Lily (Ruth Wilson) tends to ailing horror writer, Iris Blum (Paula Prentiss), she of the famously popular novel and not as great movie, The Lady in the Walls. Lily is easily one of the most unlikable characters ever, which is unfortunate because this movie only has a cast of 5 – and two of them might be imaginary. The estate executor, Mr. Waxcap (Bob Balaban) tells her it won’t be much longer now, as Ms. Blum is fading fast, so Lily just has to make with the cleaning and tending and deathwatch. Eleven months later, Iris is still dying and Lily is going stir crazy.
See, we’re supposed to believe that nothing significant happens for almost a year. Lily does nothing, Iris does not significantly decline, but the house continues its slow but inevitable march towards earning its Condemned Sign. The only interesting things are happening to the house, with mold issues, and colonies of critters roaming the walls. The house cannot be repaired because the funds are extremely limited until Ms. Blum actually dies, and if Lily wants to continue to be paid she’ll have to deal. The structure is rotting from the inside out – like the declining Ms. Blum, like Lily’s fading beauty.

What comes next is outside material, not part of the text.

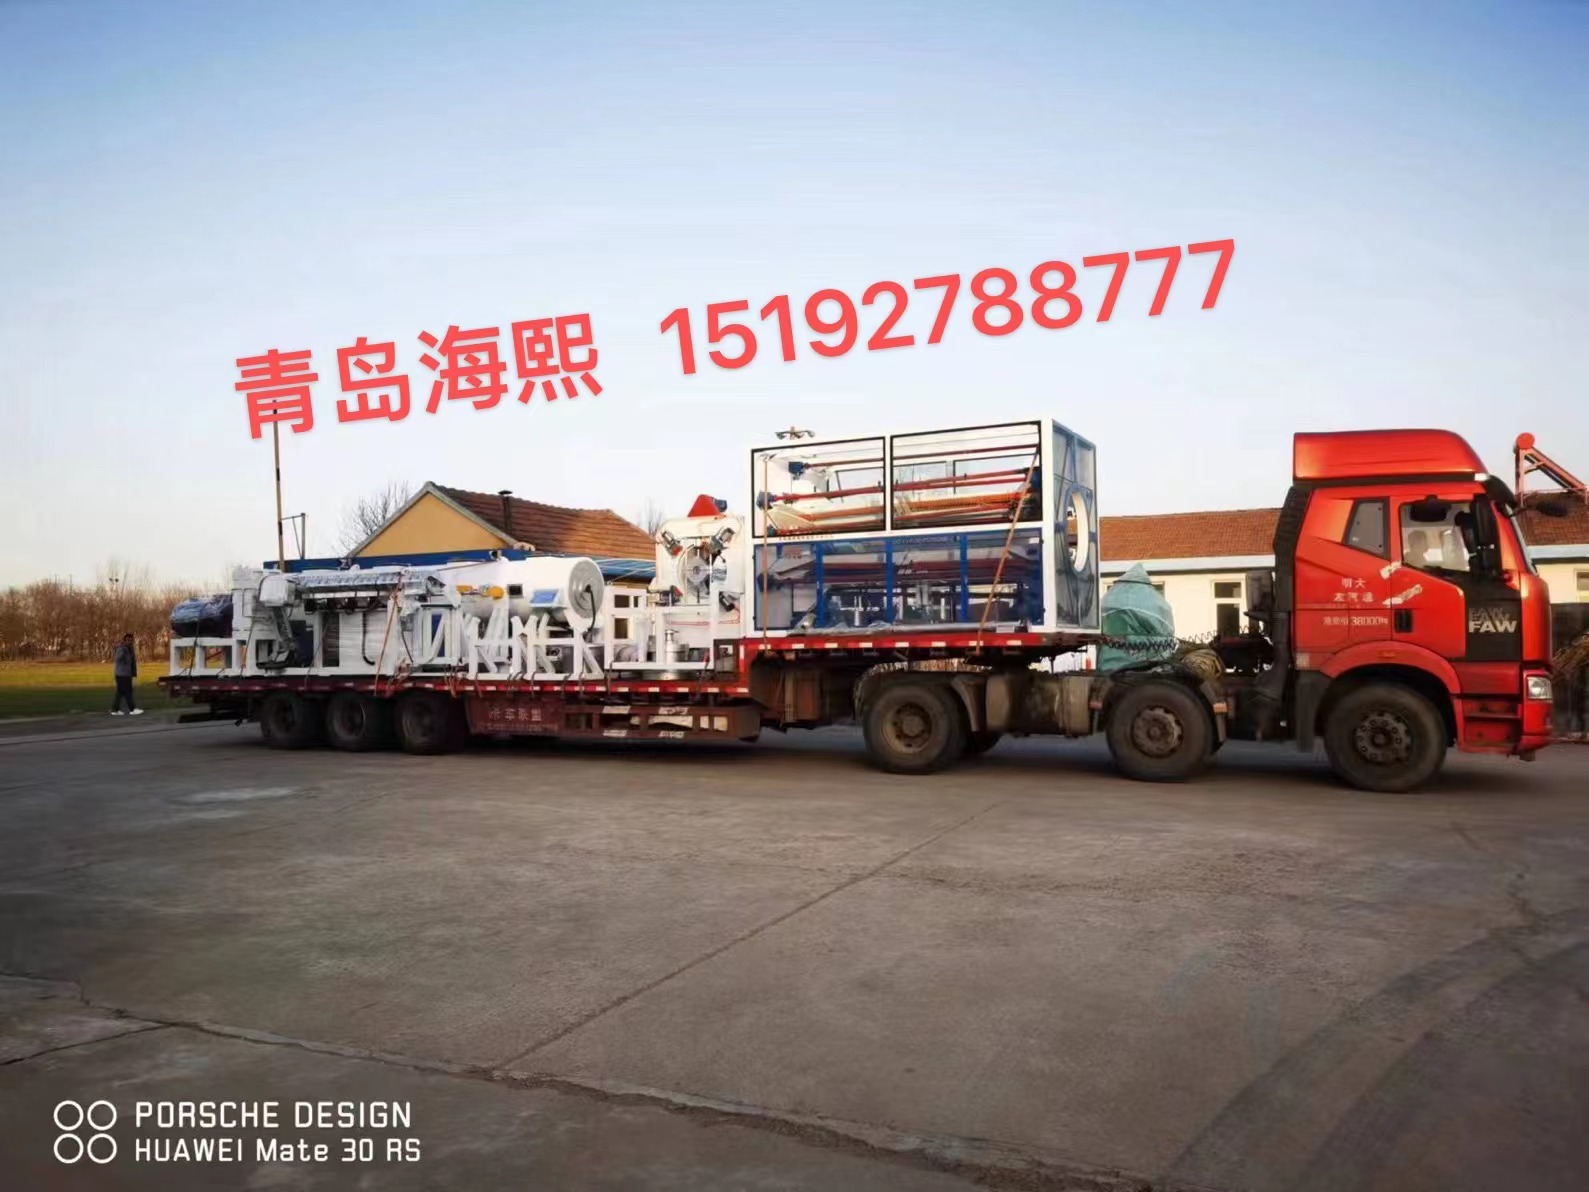 Hebei Kangye Pipeline Insulation and Anticorrosion

If we were classically educated and super refined, we would scream ALLEGORY! and pretentiously sip our expensive sherry, smirking at the folly of modern cinema.
Because this is Art! House! Horror! everything is eventually revealed, much like extracting a particularly stubborn molar. Lily hears an occasional voice on the wind “This is how you rot” and ethereal figures move in and out of frame behind characters, but nothing actually happens. If there is a Mystery it’s supposed to be who is Polly, the name Ms. Blum has given to Lily, and is she in the walls, and WHY?
We will find out, but by then our hopes and dreams and interest will have withered away, like Ms. Blum in the upstairs room.
This is not a compelling thriller or even a tepid horror. It is Literature slumming as Genre, it feels very condescending, and frankly it’s poorly done. Like many Art! House! Horror! films, it fancies the idea of being a naughty horror movie, but comes off the pedantic professor mansplaining a school-girl fetish to an escort. Nothing happens in like so many horror movies that really aren’t, but writer/director Oz Perkins felt the tag was super provocative. His earlier writing credit, The Girl in the Photographs (2015) is a better effort, but stinks of the same disdain for the genre.
Provocative is over-done. Give us story and scares and horror. Slow burn thrillers and horror are fine – but there needs to be a fire and this film provides even the barest spark.
I AM THE PRETTY THING THAT LIVES IN THE HOUSE is a Netflix Original film, and is unrated. There are off-screen scenes of death by hammer, super mild body horror, and 87 of the longest minutes of your life.